Algorithm training The model’s weights in Eq. (26) are computed to minimize the empirical error (12) defined by the weighted cross-entropy loss introduced before. Since, the kernel model can be very rich, the search of the best model is done considering

$$\begin{aligned} {\hat{L}}(f_w)+\lambda R(f_w), \end{aligned}$$
(27)

where the first term is the empirical risk, while R(f) is a regularization term

$$\begin{aligned} R(f_w)=\sum _{ij} w_i w_j k_{\sigma }(x_i,x_j). \end{aligned}$$
(28)

constraining the complexity of the model [56]. Problem (27) is then solved by an approximate Newton iteration [40].

Hyper-parameters tuning The number of Nyström centers (M), the bandwidth of the Gaussian kernel \(\sigma \) and the regularization parameter \(\lambda \) are the main hyper-parameters of the model. The number of centers M determines the number of Gaussians, hence it has an impact on the accuracy and on the computational cost; studies suggests that optimal statistical bounds can be achieved already with \(M={\mathcal {O}}(\sqrt{{\mathcal {N}}})\) [53, 57]. On the other hand, by varying the hyper-parameters \(\sigma \) and \(\lambda \), more or less complex functions can be selected. For large \(\lambda \) or \(\sigma \) the model simplifies and tends to be linear, while for small values it tends to fit the statistical fluctuations in the data.

The values of M, \(\sigma \) and \(\lambda \) affect the distribution of the test statistic under the reference hypothesis. In particular we observe that the test statistic distribution obtained with different choices of the hyper-parameters always fits a \(\chi ^2\) distribution with a number of degrees of freedom determined empirically as explained in Sect. 2.2. More complex functions cause the distribution of the test statistic to move to higher values (see Fig. 10a).

On the M direction, a stable configuration is eventually reached and this information can be used to select a proper trade-off value for M (see for instance Fig. 10); conversely there is not clear indication on how to choose the values of \(\sigma \) and \(\lambda \). The bandwidth \(\sigma \) is related to the resolution of the model and its ability to fit statistical fluctuations in the data. To estimate the relevant scales of the problem and find a good trade-off between complexity and smoothness, we look at the distribution of the pairwise (Euclidean) distance in the reference data. We then fix \(\sigma \) approximately as the 90th percentile (see Appendix C and Fig. 14 for further details). Finally, \(\lambda \) determines the weight of the penalty term in the loss function, which constraint the magnitude of the trainable weights, and avoid instabilities during the training.

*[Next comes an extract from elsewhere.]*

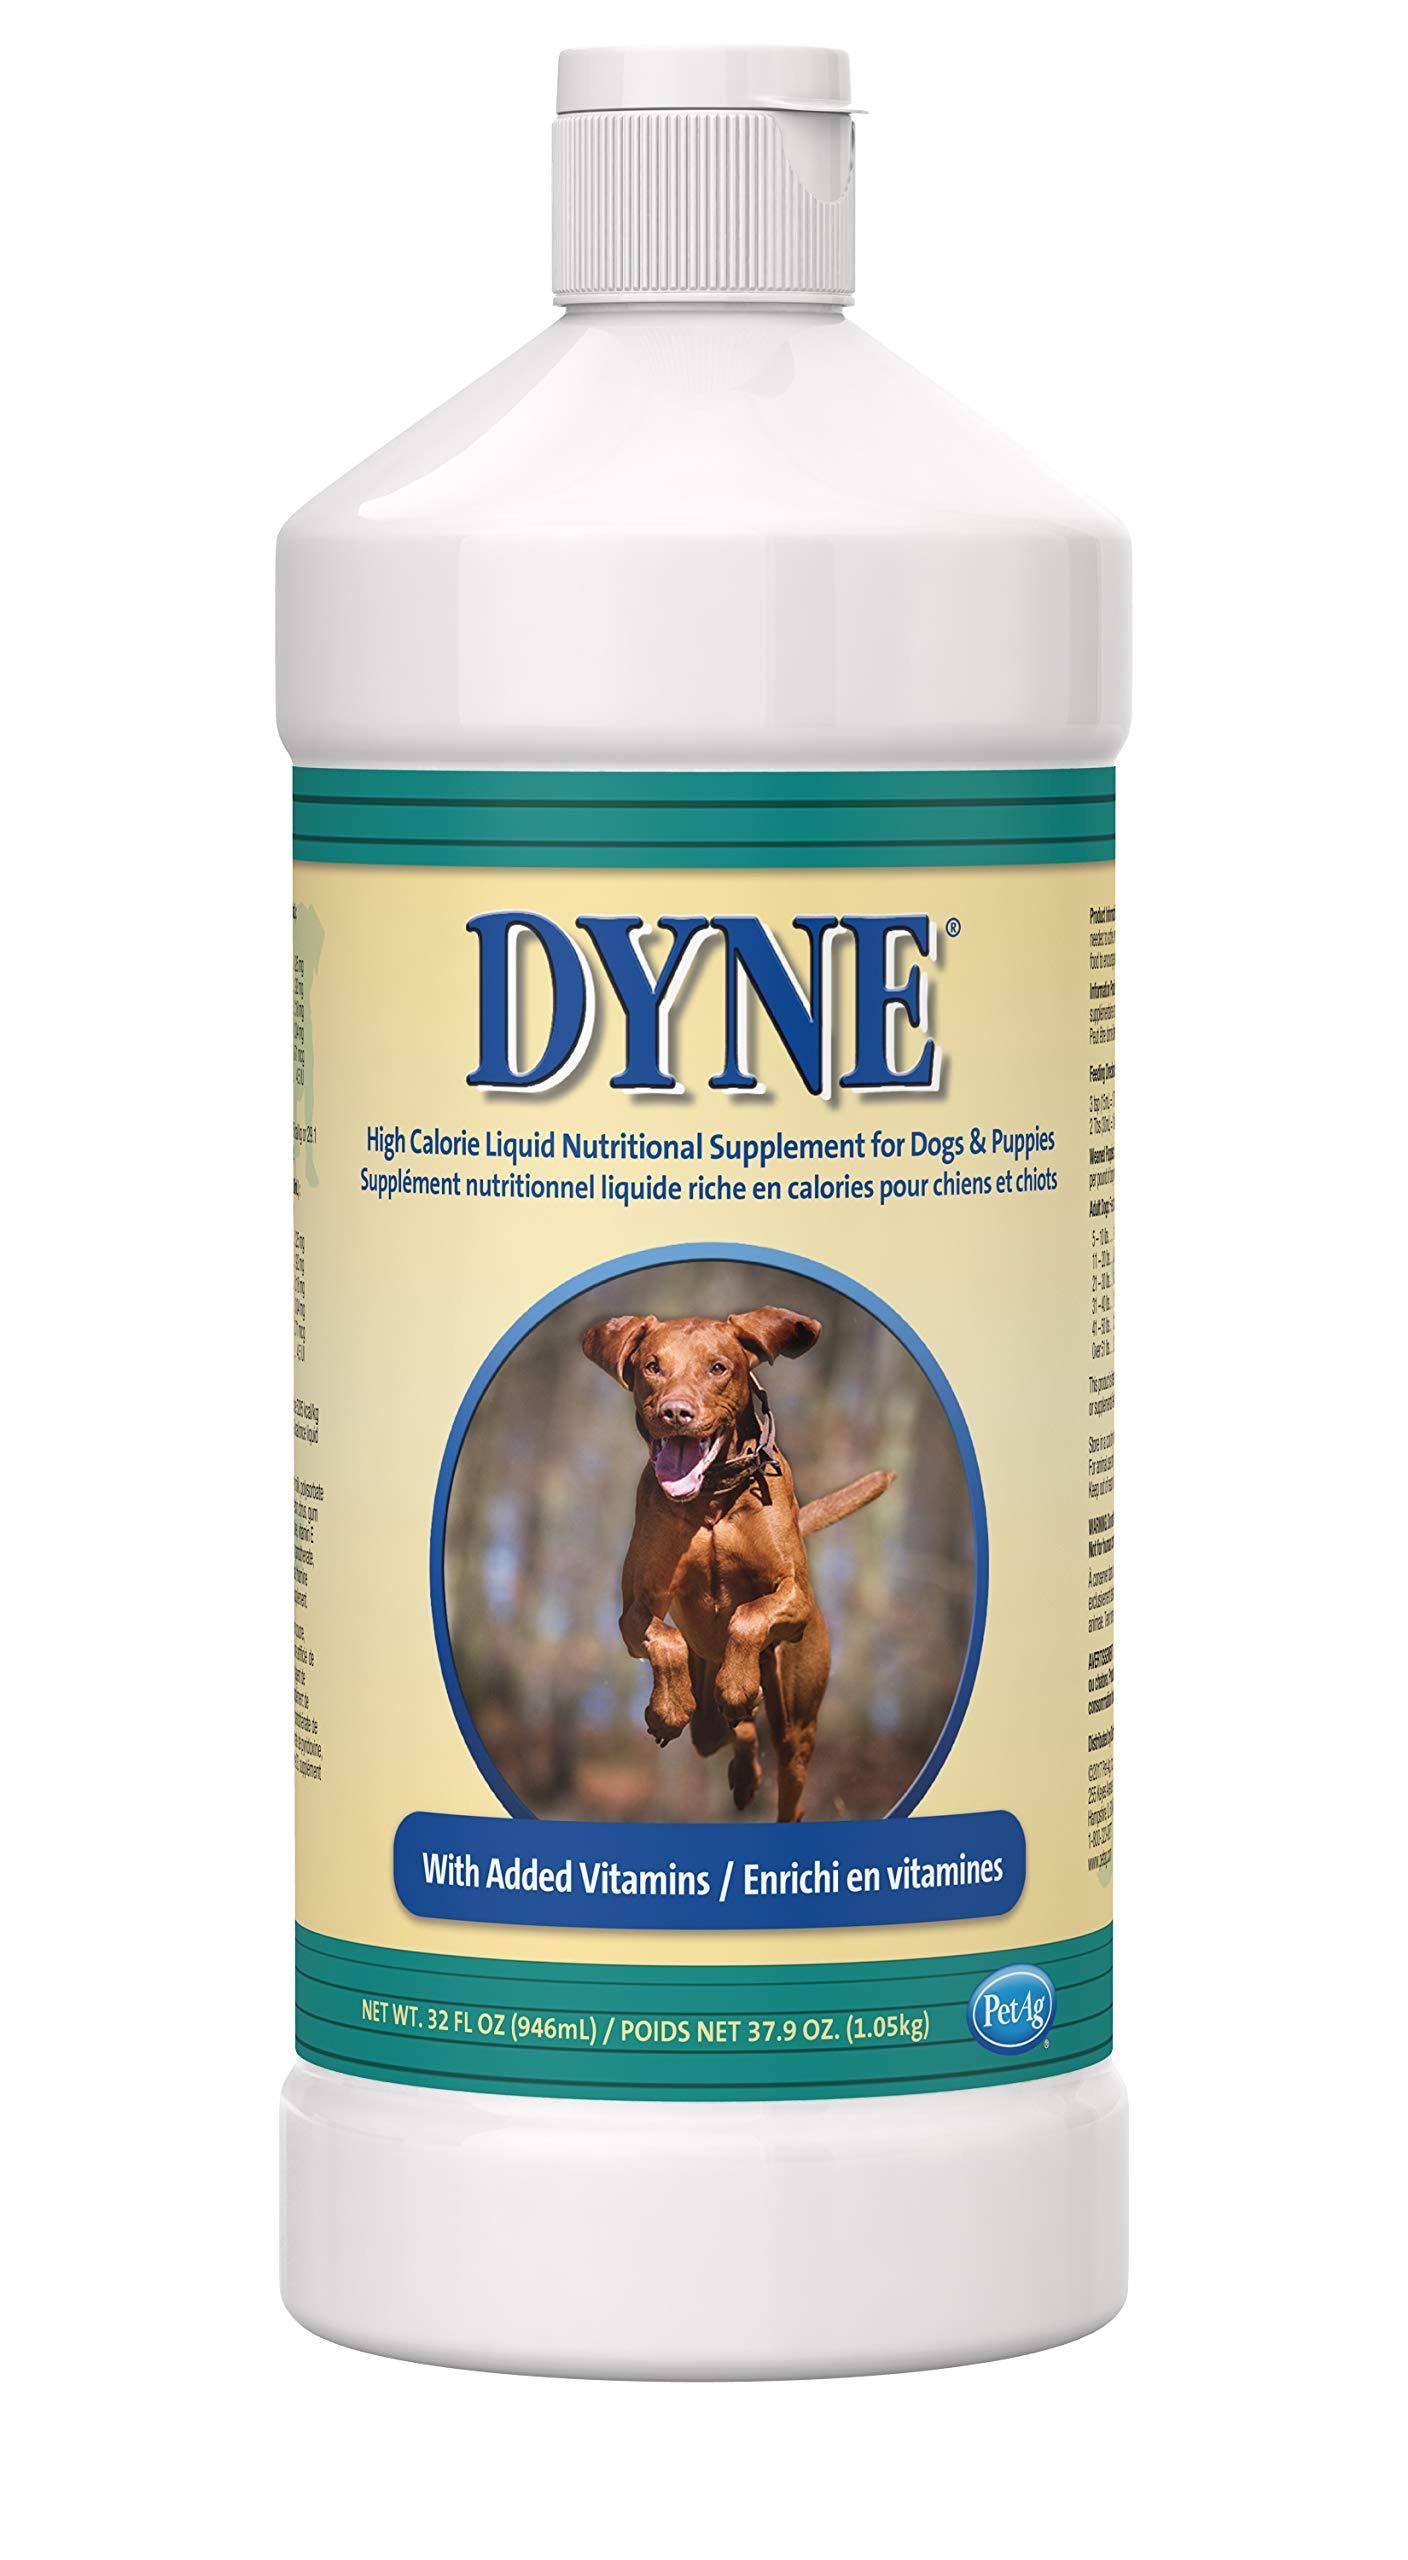 Dyne High Energy Dog Supplement - 32oz
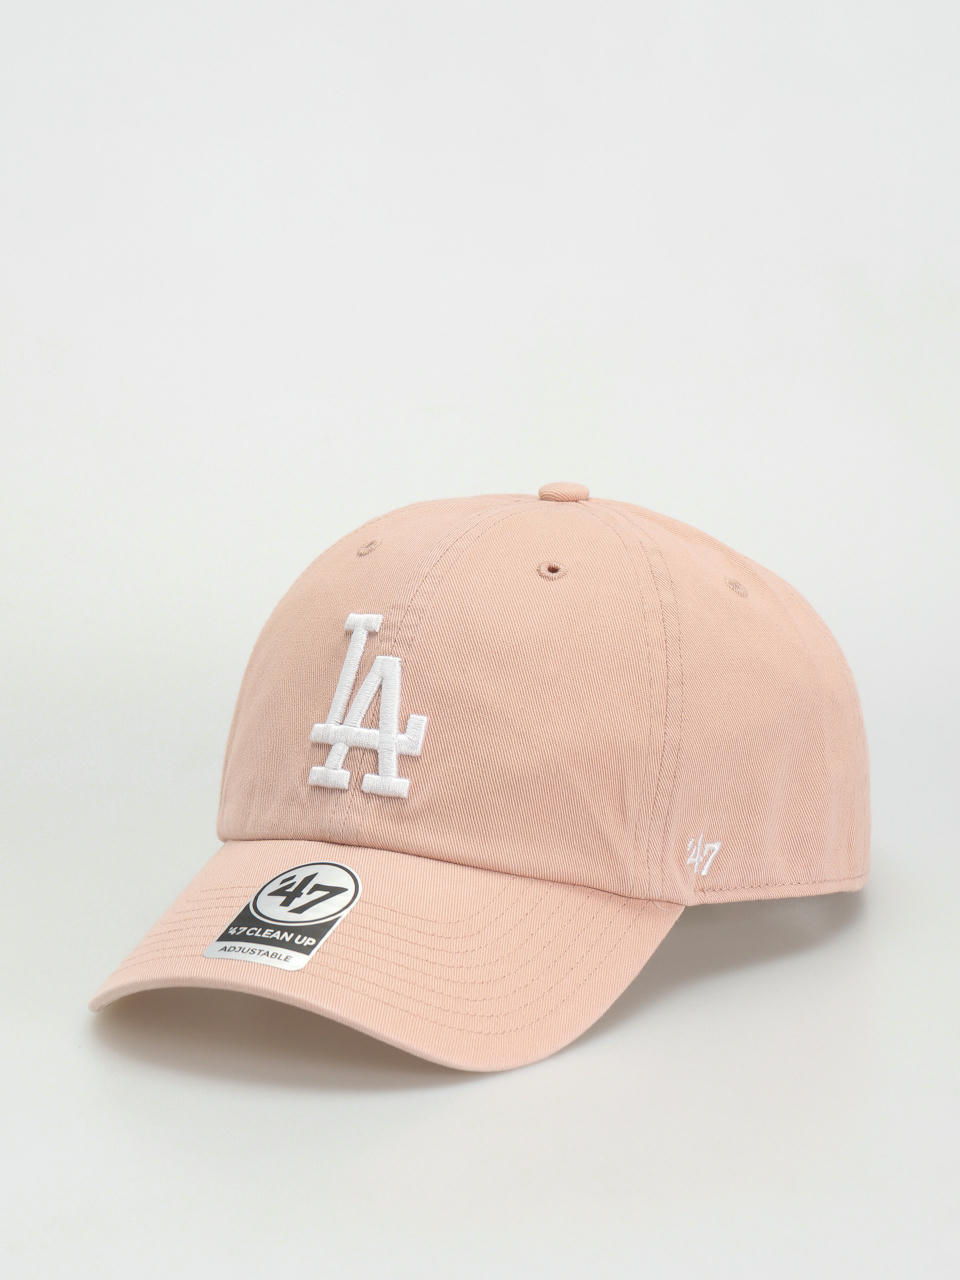 Official Los Angeles Dodgers Baseball Hats, Dodgers Caps, Dodgers Hat,  Beanies

We take \(\lambda \) as small as possible so that the impact on the weight magnitude is minimum, while maintaining the algorithm numerically stable.

Summarizing, the hyper-parameter tuning protocol is composed by the following three steps:

  • We consider a number of centers greater or equal to \(\sqrt{{\mathcal {N}}}\), with the criteria that more centers could improve accuracy but at the cost of losing efficiency.

  • We then fix \(\sigma \) approximately as its 90th percentile of the pairwise distance distribution.

  • We take \(\lambda \) as small as possible while maintaining a numerically stable algorithm.

Note that we consider the algorithm numerically unstable either when the training fails to converge or when the test statistics evaluates to NaN. Similarly to the tuning procedure introduced in Ref. [16] for the neural networks, the outlined directives for hyper-parameters selection rely on the reference data alone, preserving model-independence.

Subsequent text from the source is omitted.